Use of object oriented language in PSTs also allows for taking advantage of inheritance. Frequently, there are variations on a computer programming language. With a traditional grammar, the whole grammar gets copied and edited for each variation. In PST, which allows for program inheritance, only the local changes need to be considered and the rest can be inherited from the main program.
Use of object oriented language in PSTs also allows for encapsulation. Some computer languages, such as HTML used for web pages, often include other languages inside of them, such as Javascript or PHP. In a traditional grammar, these are normally combined into a monolithic grammar covering all sub-languages. With program encapsulation, the main program (e.g., HTML) can simply reference the other program (e.g., Javascript or PHP).
Use of object oriented language in PSTs means the full power of the programming language (e.g., Java) is available for representing complicated issues. An example of a complicated issue where logic is helpful to assist the parsing process to build the correct hierarchy is in managing the data division level numbers in COBOL. By contrast, it can be difficult to mix procedural logic with a grammar that is declarative.
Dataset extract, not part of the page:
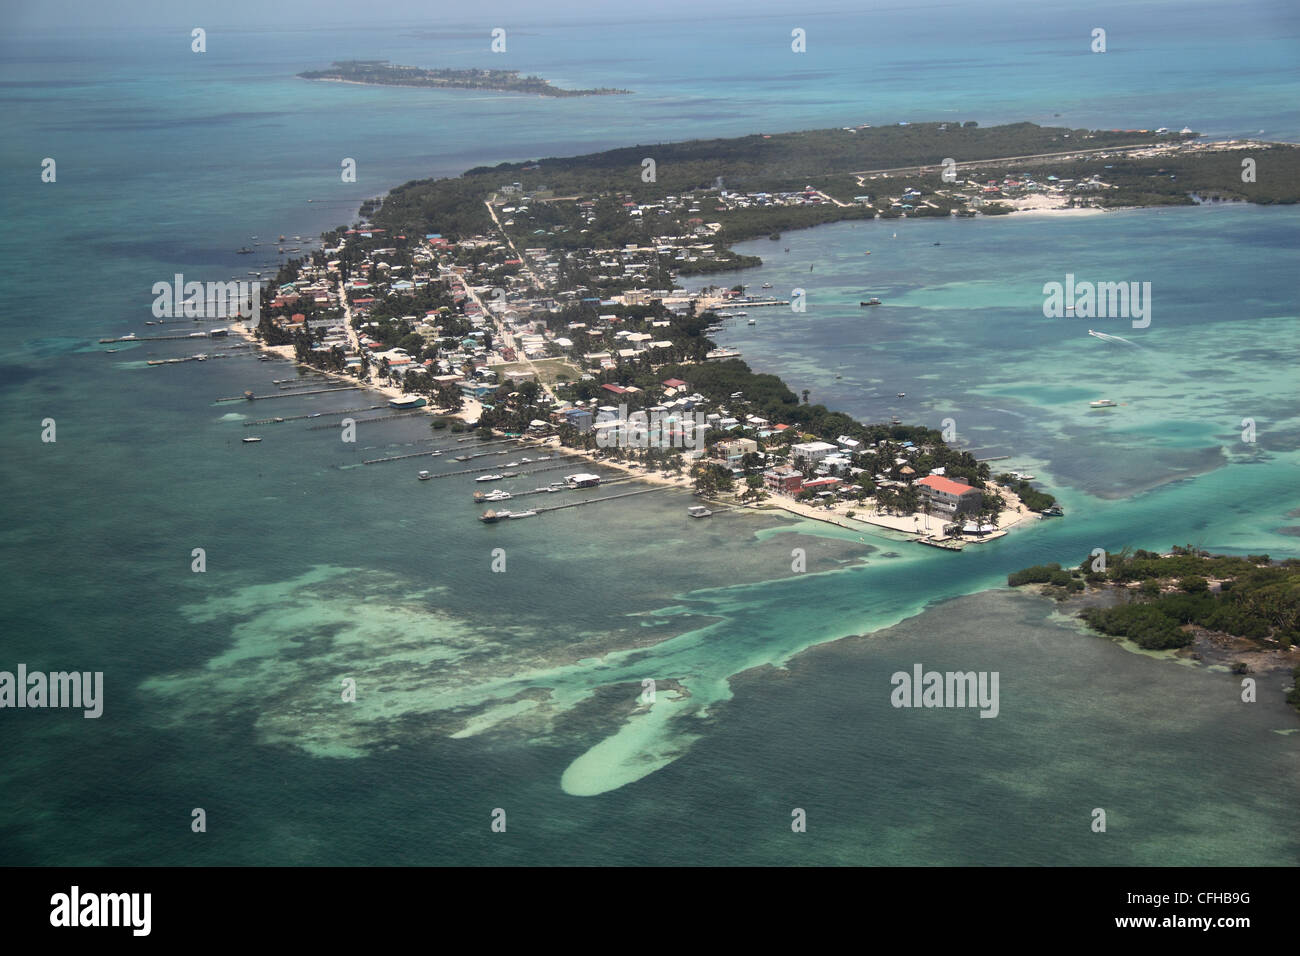 Caye Caulker, Belize Barrier Reef, Belize, dei Caraibi e America centrale Foto Stock

During the parsing process, reflection is used to populate member fields and data types of object-oriented classes of an object oriented language based on the source code. There is no separate grammar (other than the member fields and data types of object-oriented classes), and there is no AST. The result is a robust representation of the original source code.
Various modern computer languages can be used to generate program semantic trees. For example, IBM Assembler, Fortran, PL/I, RPG, Java, Visual Basic, Delphi, DOS, SQL, and many more programming languages have been parsed and analyzed using this technique.
A token list 104 is one or more of the specified abstract tokens. The number can be zero or more if the token list is marked as optional. For a token chooser 103, exactly one sub-element is present. Precedence chooser 106 handles arithmetic operator precedence rules.
In a block 28, if the parse failed, the position saved in block 21 is restored.
In a block 33, a check is determined whether the subtoken is a token list. If not, the top level parser, shown in FIG. 3 , is recursively called. If the top level parser returns successfully, control is returned to block 31. If the top level parser returns unsuccessfully, in a block 36, a parsing failure is recorded and token sequence parser 27 returns.
If in block 33, the check determines the subtoken is a token list, a block 35 the token list parser is called. If the token list parser returns successfully, control is returned to block 31. If the token list parser returns unsuccessfully, in block 36, a parsing failure is recorded and token sequence parser 27 returns.
As pointed out above, for a token sequence, the elements must appear in the specified order, and all of the elements must be present unless marked optional.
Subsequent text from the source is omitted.